Attractive growth companies are scattered across Europe’s otherwise lackluster market landscape. Here’s how to find them.

Europe is often seen as an inferior source of growth to US markets. Yet by deploying a coherent bottom-up process, equity investors can find high-quality stocks across Europe, backed by businesses with powerful and underappreciated long-term growth potential.

Europe’s stock markets have been overshadowed by the US for years. When the MSCI Europe Index advanced 15.8% in euro terms in 2023, the S&P 500 surged by 26.3% in US-dollar terms. The index performance gap reflected sluggish earnings growth in Europe, at a time when US markets have been turbocharged by a small group of mega-cap stocks seen as big beneficiaries from artificial intelligence.

The economic backdrop didn’t make it easier. Europe has been hampered by relatively slower GDP growth, and regional equity markets have a heavier contingent of cyclically sensitive stocks than the US. So why should investors focus on Europe as a distinct equity allocation or within a global portfolio?

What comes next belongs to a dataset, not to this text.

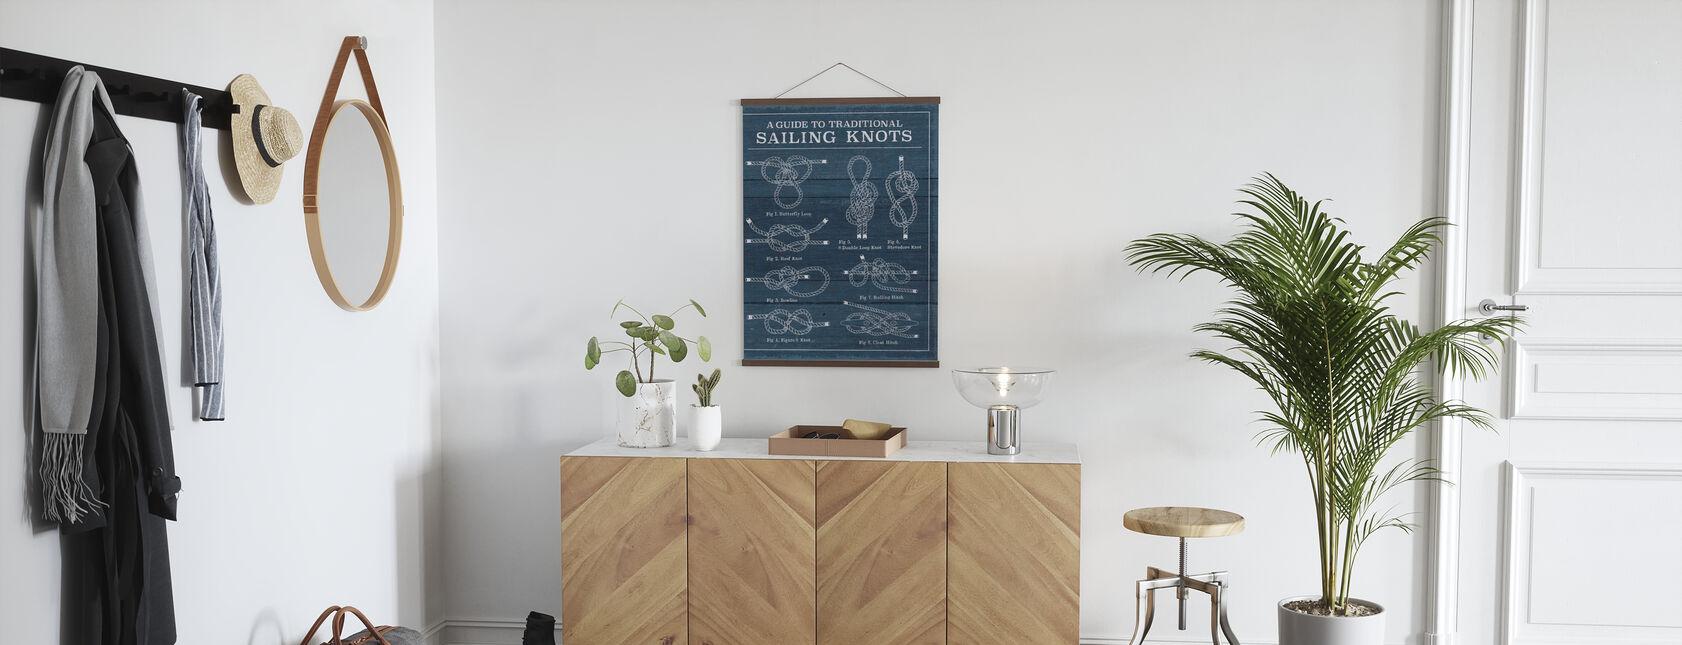 Vintage Sailing Knots - Poster - Hallway

For Some Industries and Businesses, the Economy Doesn’t Matter Much

Europe, in fact, offers attractive pockets of growth for investors who know how to find them. Several European industries—including industrials, semiconductors and electrical equipment—are forecast to deliver robust earnings growth through 2026, according to consensus estimates (Display). These industries are poised to expand well above the region’s meager GDP growth forecasts.